EXERCISE DIRECTIONS. Please repeat, from the entries that follow, the lines from the one containing "Lanvin X Gallery" through the one containing "Sự kiện IPO" exactly, adding nothing.
*** Opening RECORD EXCERPTS ***
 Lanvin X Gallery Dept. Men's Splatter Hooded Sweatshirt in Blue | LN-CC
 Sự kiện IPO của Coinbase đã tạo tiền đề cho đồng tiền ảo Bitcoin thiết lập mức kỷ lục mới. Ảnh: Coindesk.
*** Closing RECORD EXCERPTS ***
*** Opening RECORD EXCERPTS ***
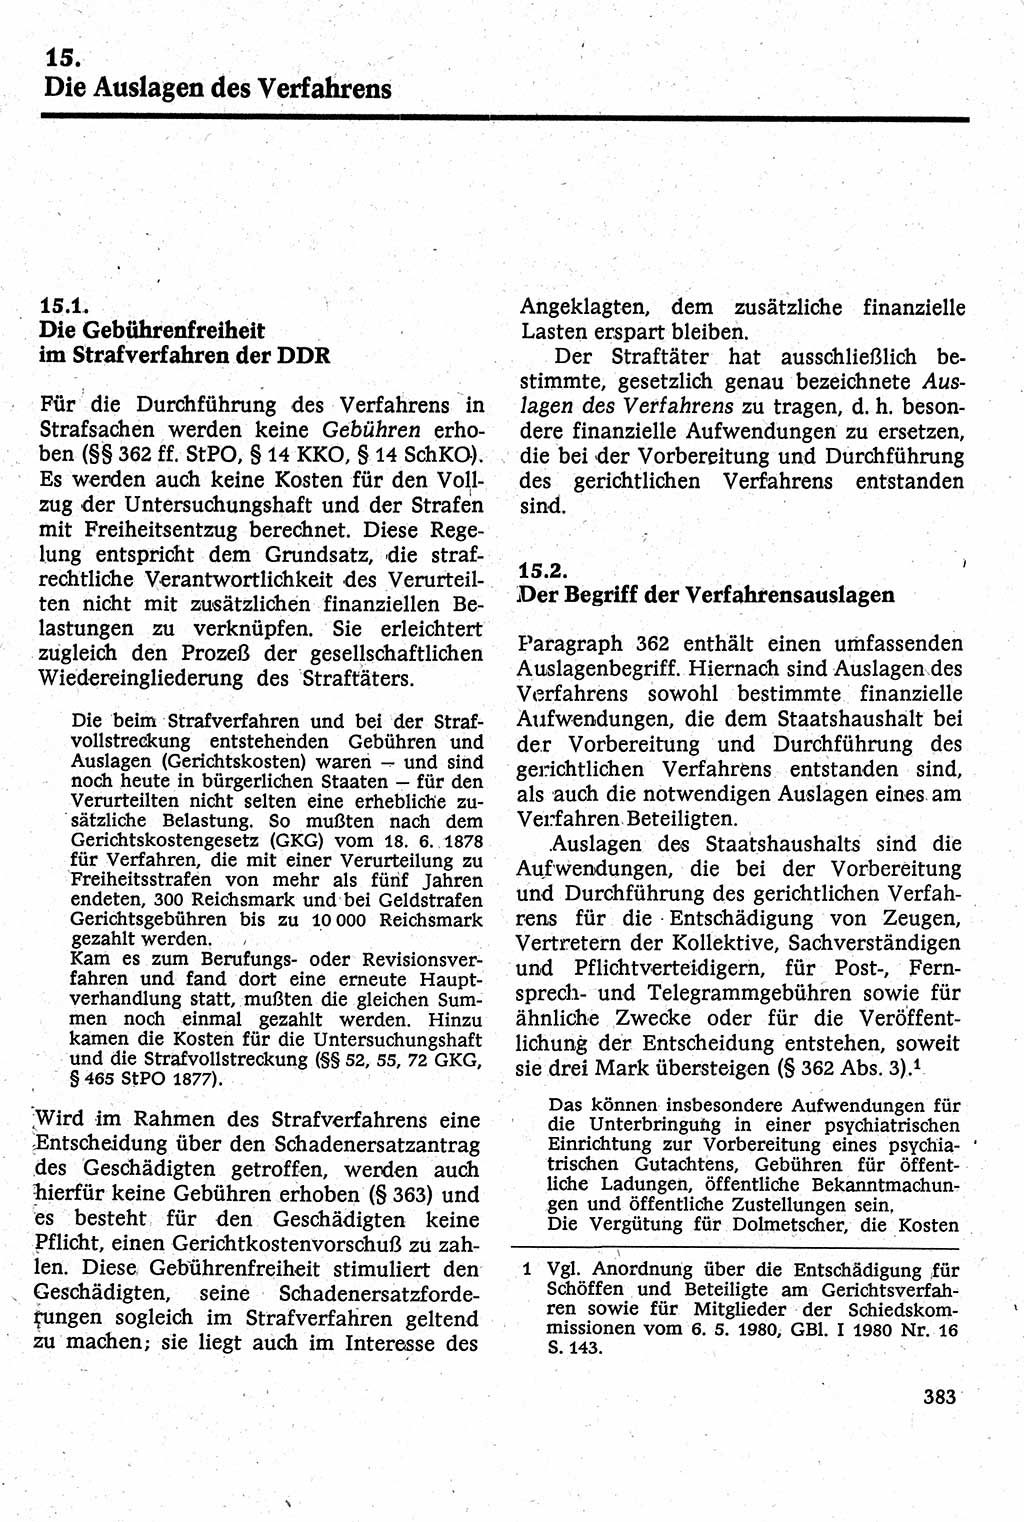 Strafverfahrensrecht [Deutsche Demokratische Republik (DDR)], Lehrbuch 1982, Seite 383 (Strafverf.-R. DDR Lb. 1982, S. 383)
*** Closing RECORD EXCERPTS ***
THE ANSWER.
 Lanvin X Gallery Dept. Men's Splatter Hooded Sweatshirt in Blue | LN-CC
 Sự kiện IPO của Coinbase đã tạo tiền đề cho đồng tiền ảo Bitcoin thiết lập mức kỷ lục mới. Ảnh: Coindesk.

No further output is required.